Neo-nOMAdic – MPavilion

Work It

Queen Victoria Gardens, Melbourne
Event / Co-working
Penny Lane

Earlier this year we (together with Relative) occupied OMA’s brilliant flexible amphitheatrical design for the 2017/18 MPavilion. The principles behind it – line-blurring of inside and out; dynamic potential for interaction; creation of “something that injects intensity into a city and contributes to an ever-evolving culture” – ring as true for contemporary architecture as they are reflective of the current energetic shift away from traditional work environments.

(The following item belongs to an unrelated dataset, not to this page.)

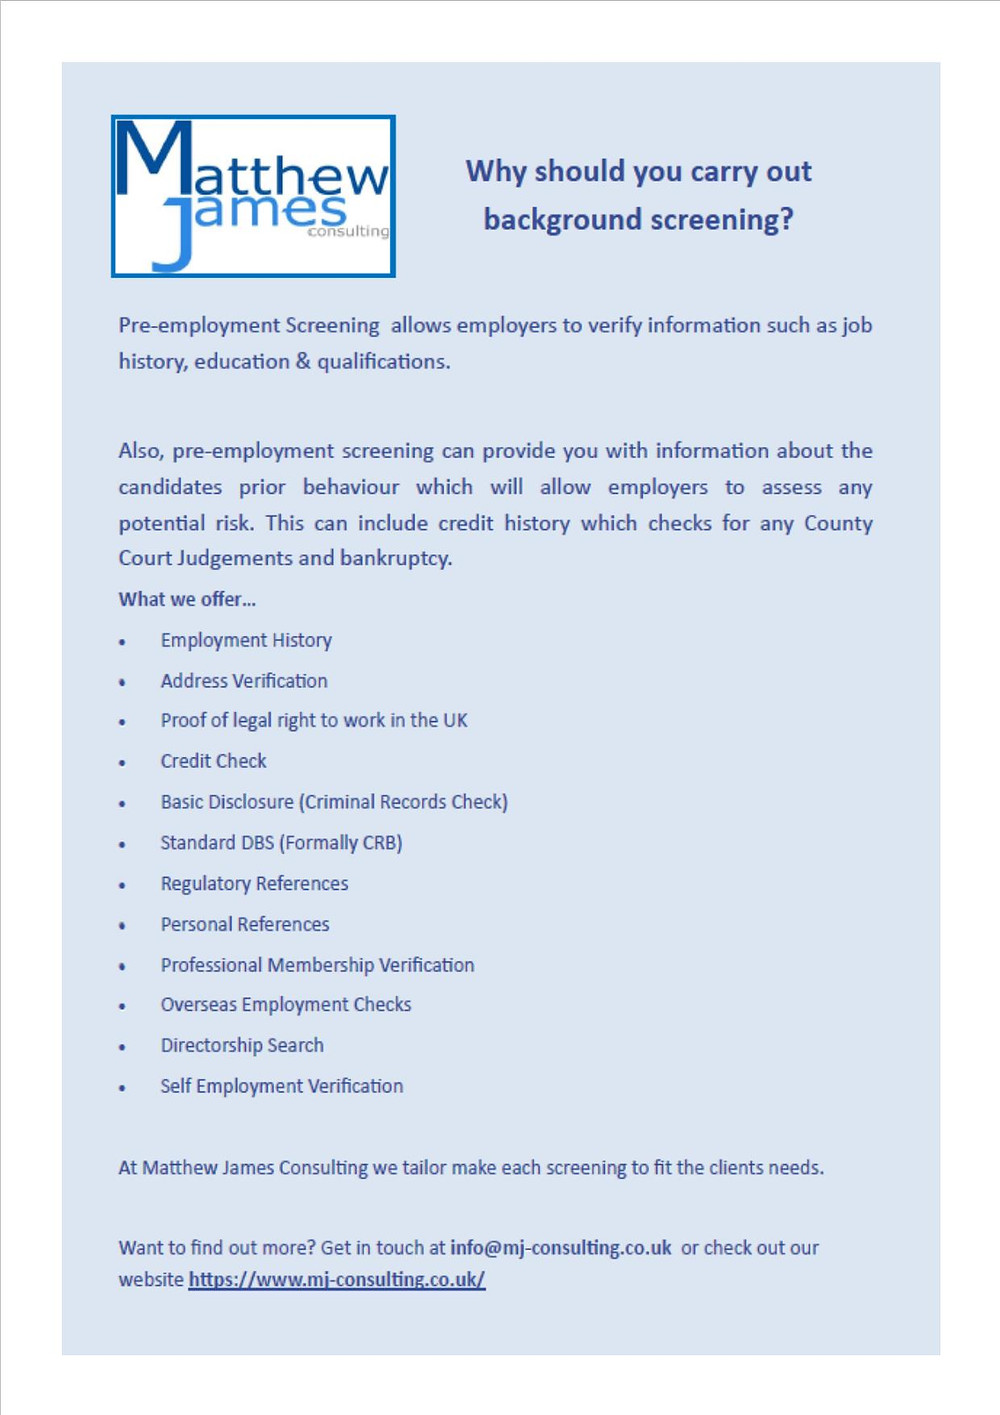 Background Screening Pre-employment Checks

Responding to these principles, the event we held there, neo-nOMAdic: Experimenting with the Future of Work, was in part intended as a challenge to those traditional work environments. Instead, it played out as a joyful investigation. We revelled in the uptake that our fellow co-workers for the day showed. It didn’t matter so much what people were working on, but where and how they were doing it. From their feet up in the air at morning yoga, to furious typing and keenly pricked ears at our speaker series, we really understood and felt what the ‘co–’ in some of our favourite words means: “with others”.

It seems that at the core of changing work practices, which might range from flexible hours, and incorporating a more fluid balance of recreation and non-work activity into those hours, to location and technology-based innovations, is something truly human. Perhaps the success of a co-working space, or the achievement of satisfaction in one’s livelihood, simply comes down to the unique social energy that’s generated by the community in which it takes place.

In 2015 the Harvard Business Review reported research findings that people in co-working collectives have significantly higher levels of “thriving” than employees in regular offices. Tell us something we don’t know, says the freelance laptopping assemblage. Many of us remain sequestered in spaces dedicated only to our business and our industries. But co-workers see their work as more meaningful: they connect with each other to socialise, trade skills and cross-pollinate. They have more job control, by balancing flexible work hours with the right amount of structure and discipline that’s created by the natural order of a community.

Aside from co-working spaces, there’s a strong argument for taking work into other environments. Another thing that freelancers (and café owners!) know a thing or two about, and it’s the reason why office workers might seek out a park bench or the shade of a tree at lunchtime. In practical celebration of work-on-the-move, wherever one sees fit, we developed a prototype for a portable knee-top desk. It’s a work in progress, but thanks to our sponsors on the day – Muji, CAPI and Interstudio – and enthusiastic participants, we’re inspired to keep the idea in our back pocket, so that we might one day be working in fresh air and wearing them on our lap.